En voici la raison : son mari, Léon Herrmann, issu d’une vieille famille juive française, a été écarté de sa fonction de professeur d’université par le statut des juifs publié en octobre 1940 (pas de temps perdu…). Elle-même est catholique et très patriote, mais elle redoute le pire pour son mari et pour leur famille. Voyant ce dernier accablé par le chagrin, c’est elle qui prend la décision d’un départ aux États-Unis. Ce mari (Léon), par ailleurs commandant dans l’Armée française, qui apparaît dans le livre sous le prénom de Maxime, ne tardera pas d’ailleurs à rejoindre Londres et à travailler au chiffre à Carlton Garden.

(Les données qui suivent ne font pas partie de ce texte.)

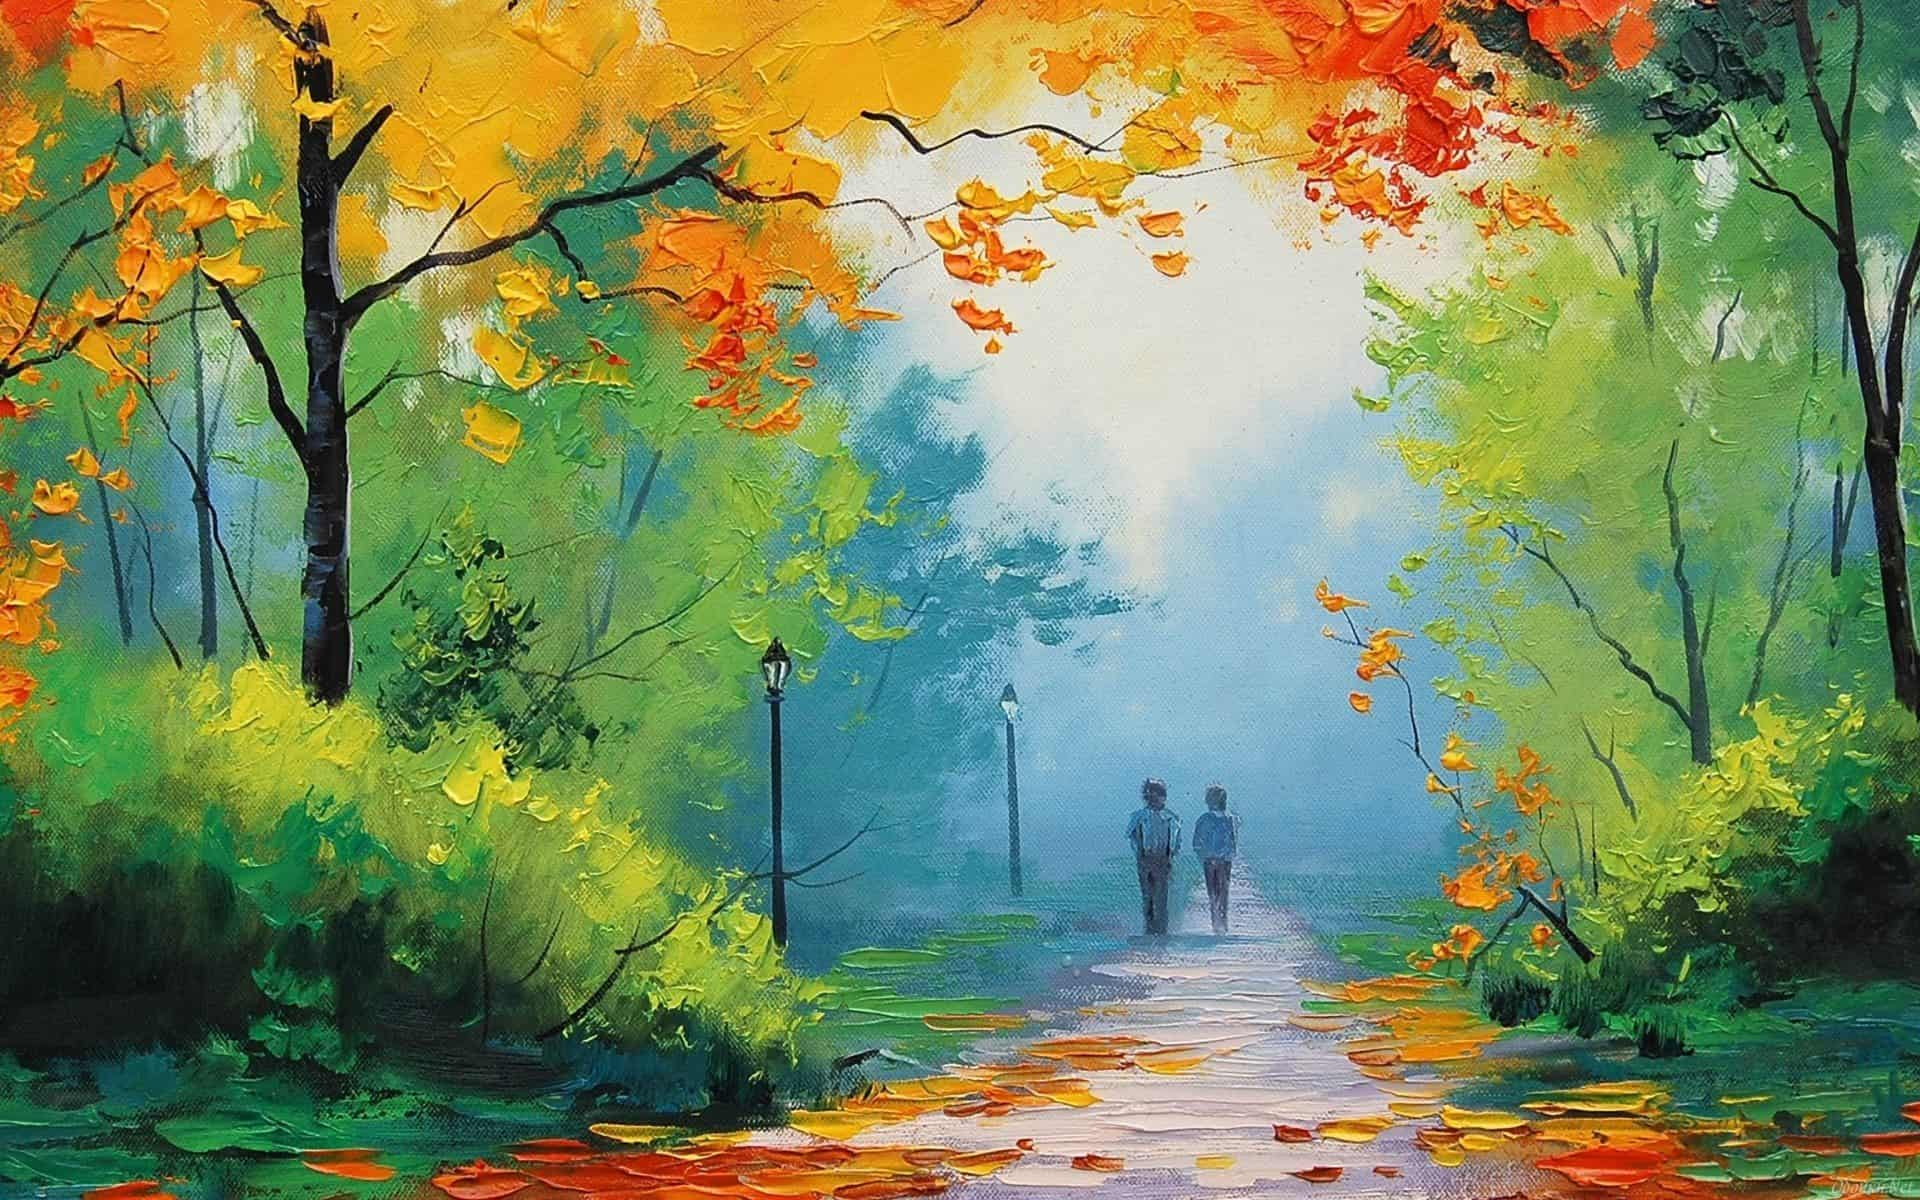 Park nature painting

Le New York de 1942 est bien différent de celui d’aujourd’hui. En dehors de son originalité littéraire, ce récit constitue aussi un document unique sur les lieux dont certains ont disparu (comme la maison où l’auteur a vécu) ou se sont modifiés (comme la Battery, passée du statut de quartier malfamé à celui de parc de luxe, et l’East River qui, d’une promenade bucolique le long de la rivière, est devenu le siège de l’ONU)…

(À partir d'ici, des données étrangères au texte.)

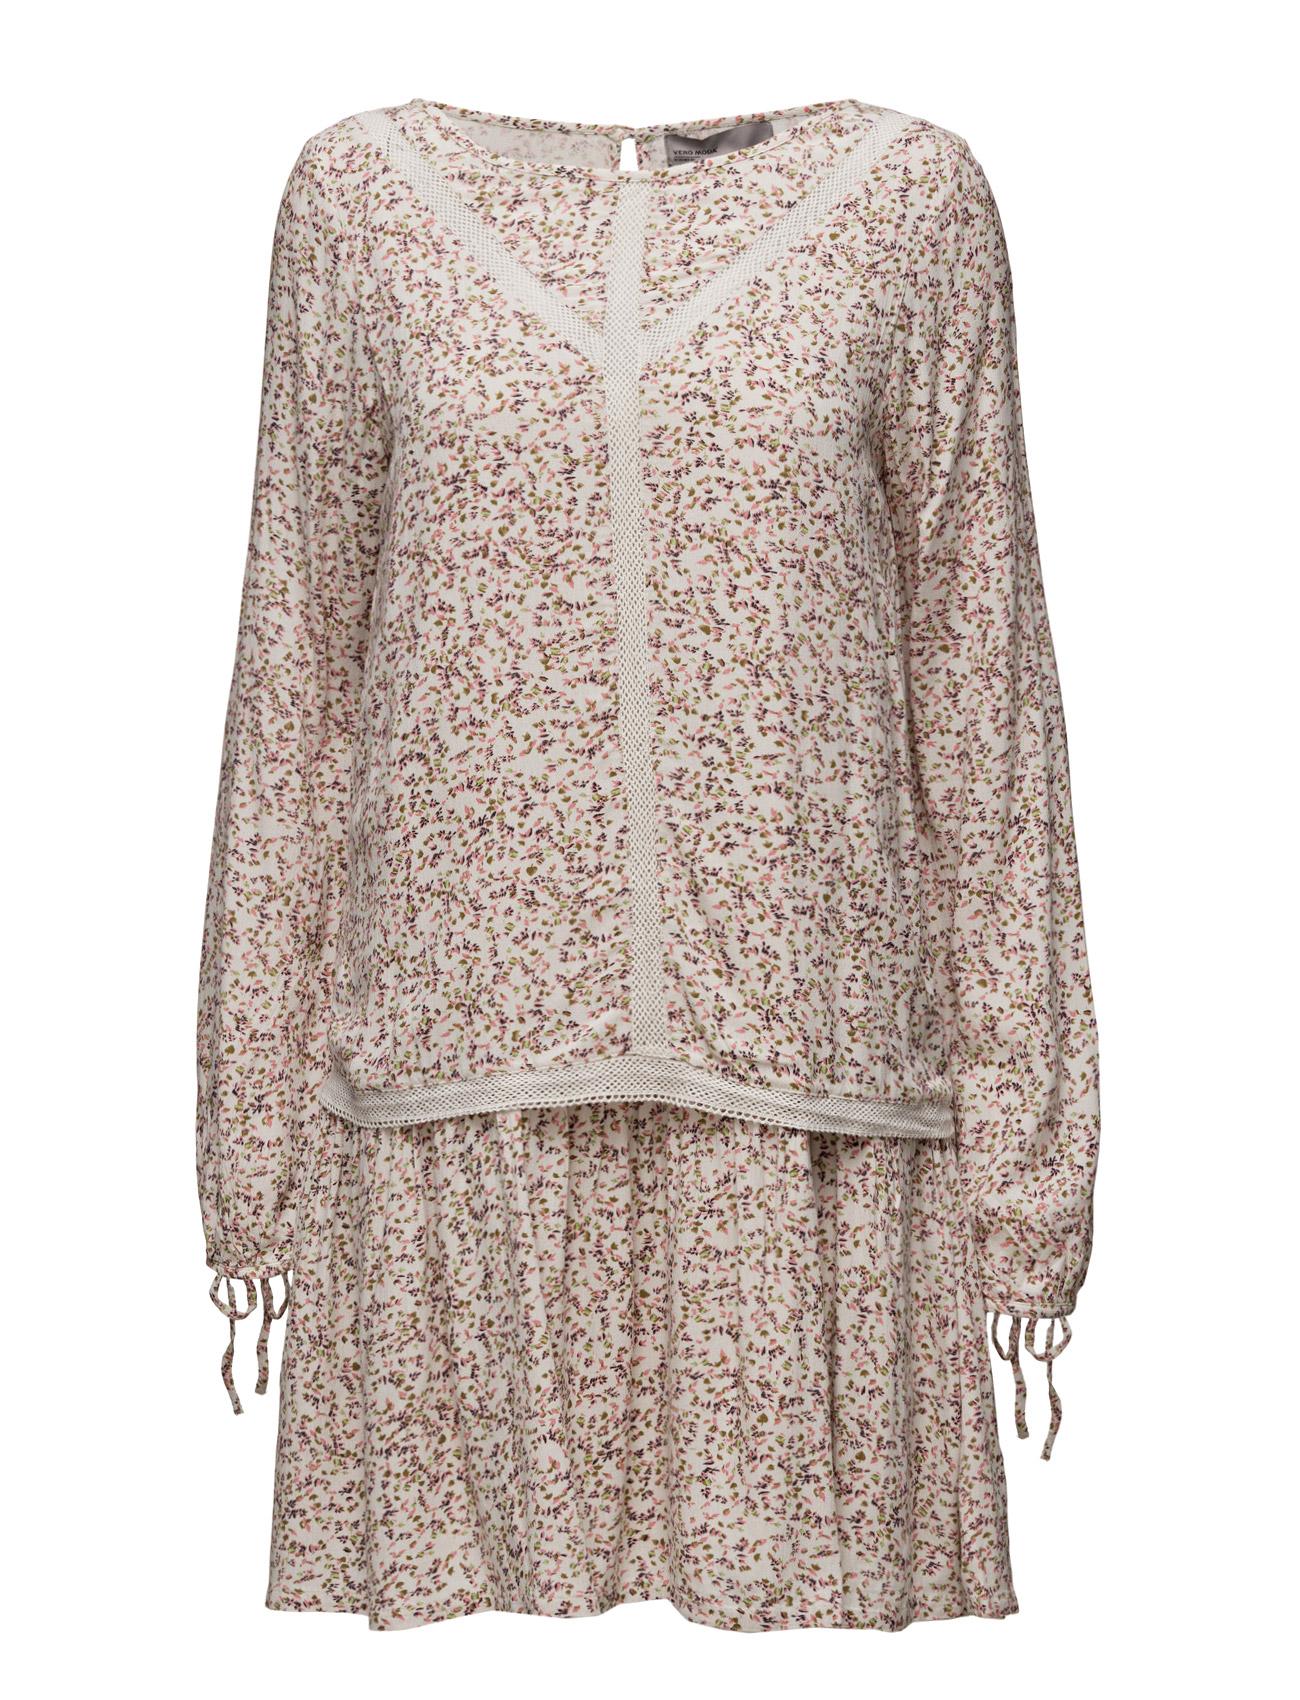 Vmfauna L/S Short Dress Wp2 Vero Moda Korte kjoler til Kvinder i Månestråle

Dans ce New York sans climatisation, effrayant d’humidité et de chaleur au mois d’août, Hélène se débat entre les trois compagnies de métro concurrentes dont aucune ne propose la moindre information sur son réseau – une situation incroyable pour les Européens exilés, et décrite aussi par Jules Romain dans “Salsette découvre l’Amérique”. Aujourd’hui, il ne reste plus qu’une compagnie de métro, qui consent même à fournir quelques explications à ses voyageurs.
Hélène a établi aussi un relevé des nourritures locales particulièrement attrayantes pour ceux qui arrivaient d’un pays affamé : pies, rolls, cheese cakes, corn muffins, Horn and Hardart mécanisés où des sandwiches blancs comme neige, qui n’avaient pas encore traversé l’Atlantique, répondent avec une exactitude militaire à l’appel d’un quarter…”Drop it in the slot”…

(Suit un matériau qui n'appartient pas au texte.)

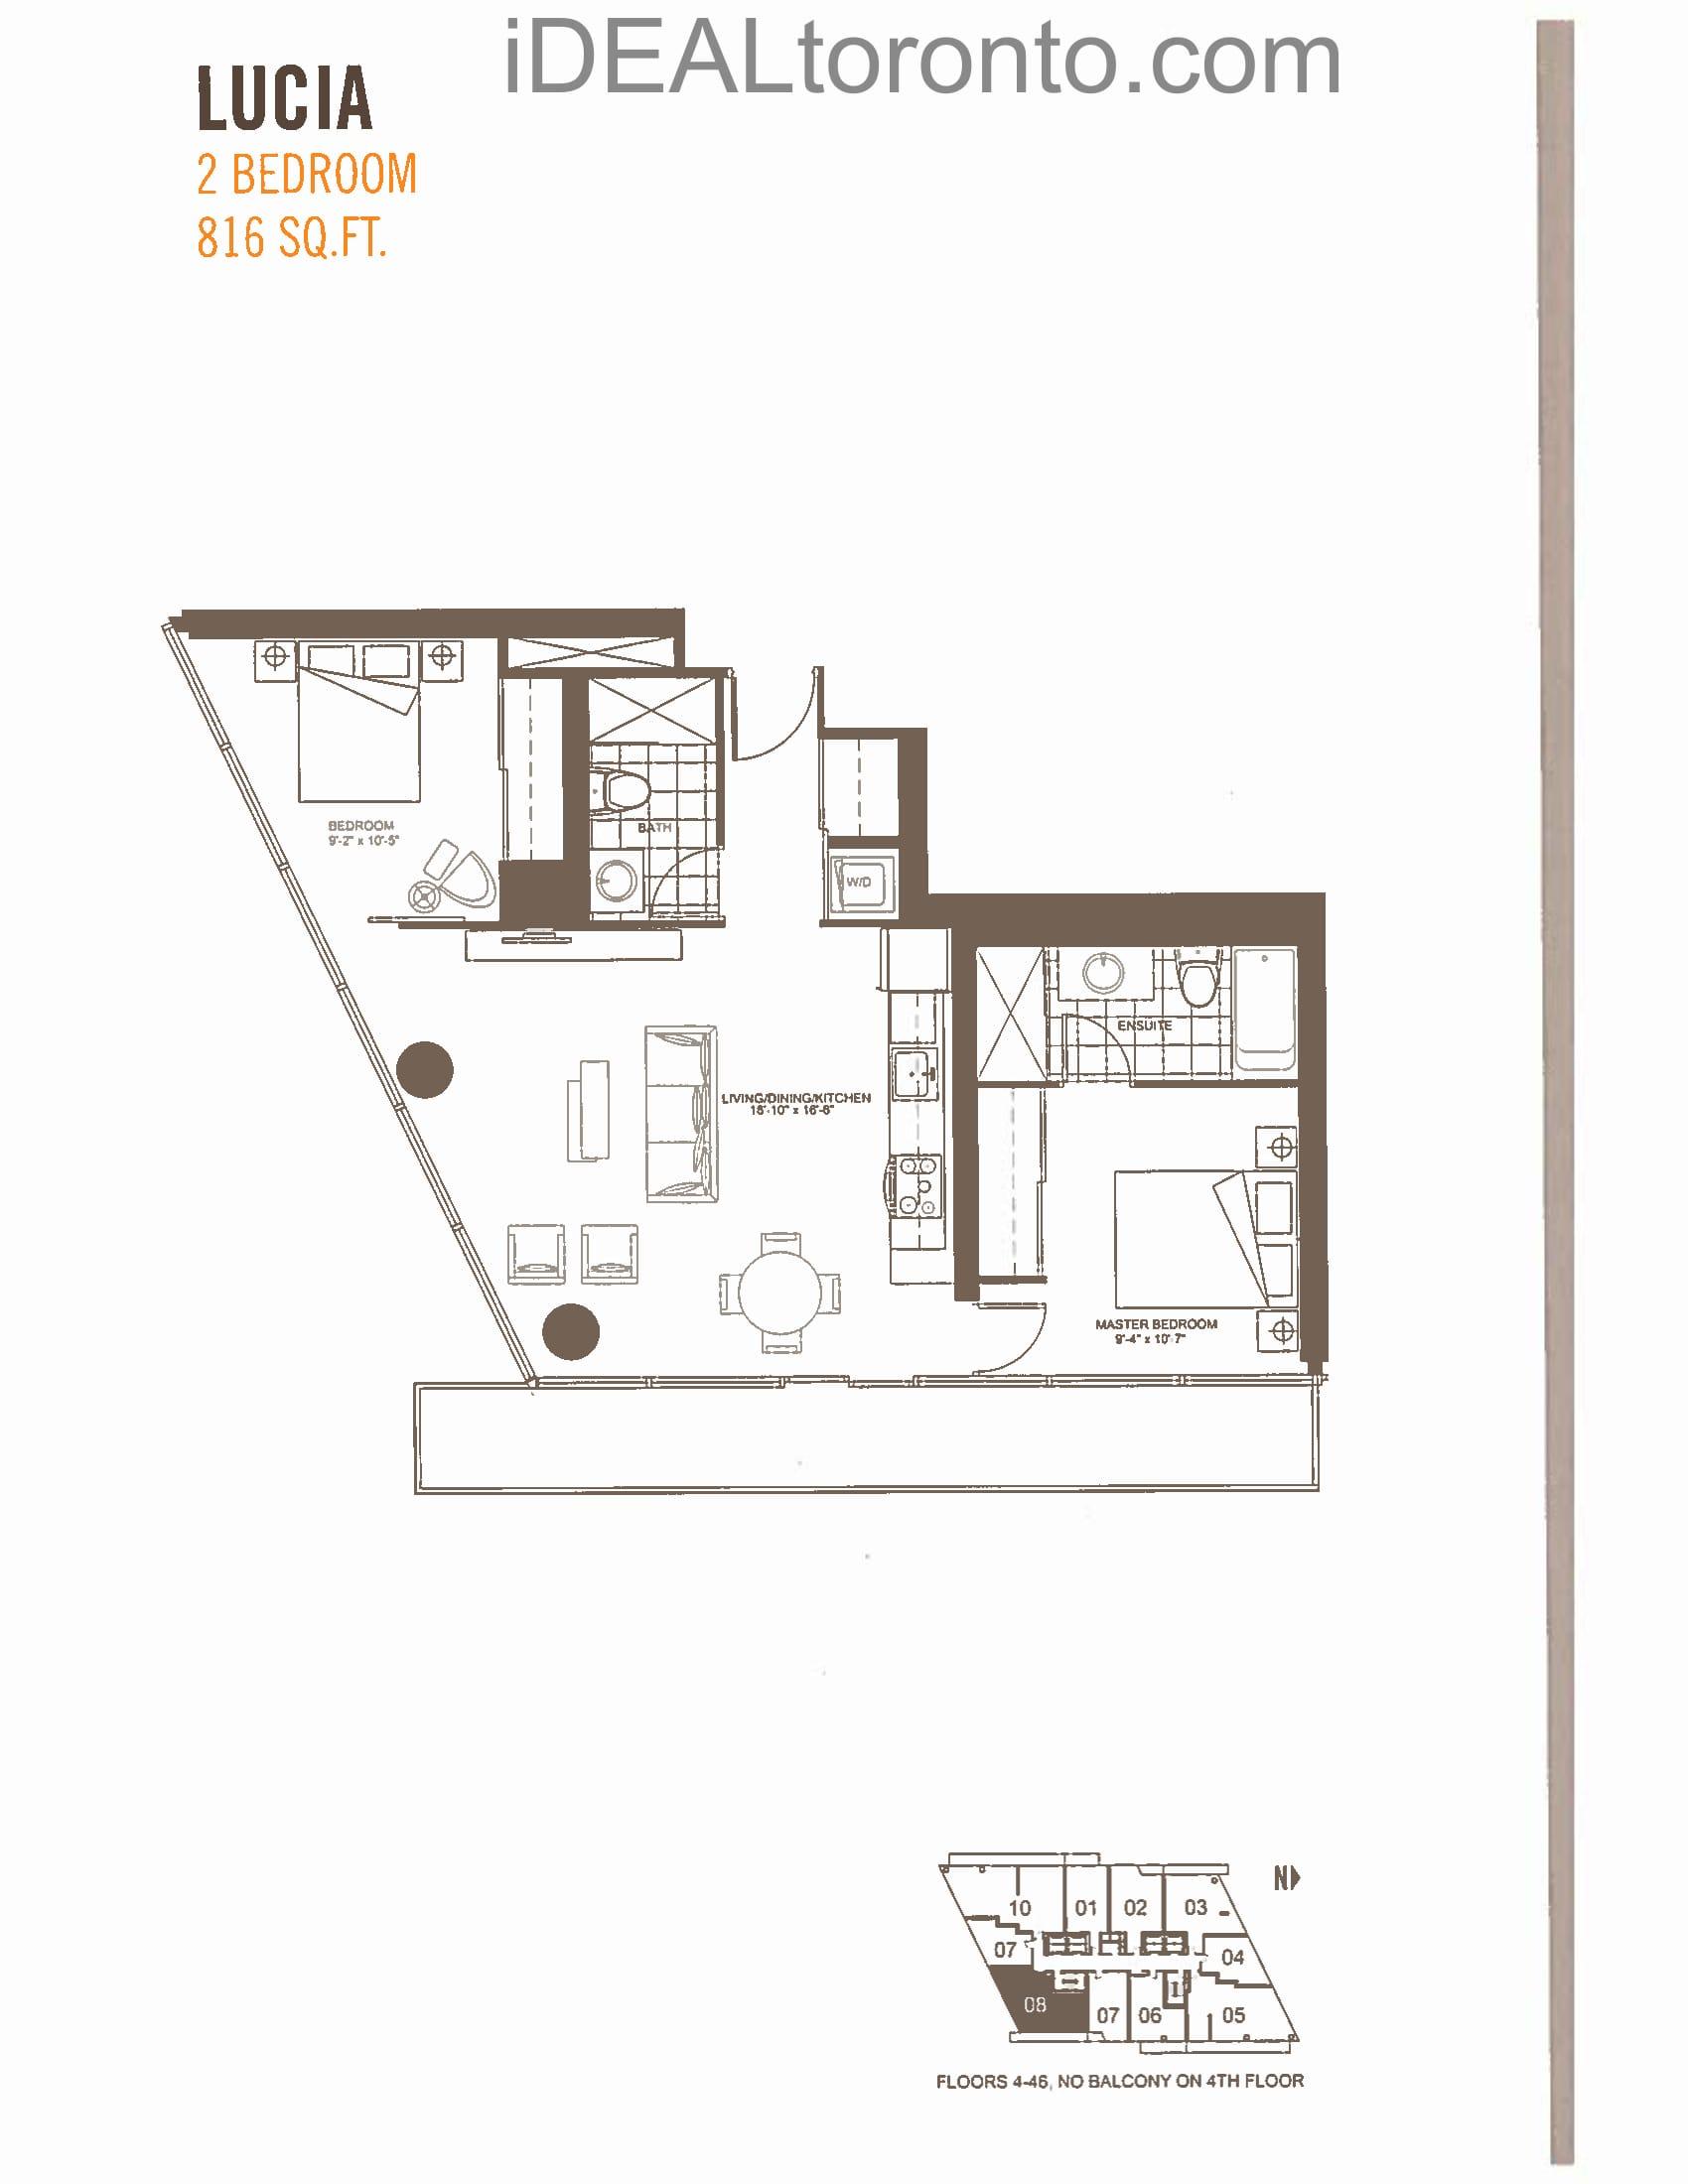 Lucia: 2 Bedroom,SE, 816 SqFt

Dans cet univers nouveau, les Français exilés apparaissent fugitivement, à peine esquissés – on devine pourtant leurs obscures querelles. Un peu plus présents : Maxime, l’époux d’Hélène, et Nadia (sa presque belle-sœur) et ses belles robes Lanvin… Mais domine sur tout cela le chagrin viscéral, physiologique, d’avoir quitté la France et de s’inquiéter de son sort, de ne pas savoir si on la reverra, si elle résistera aux humiliations qui l’accablent et si elle saura protéger ceux qui y sont restés.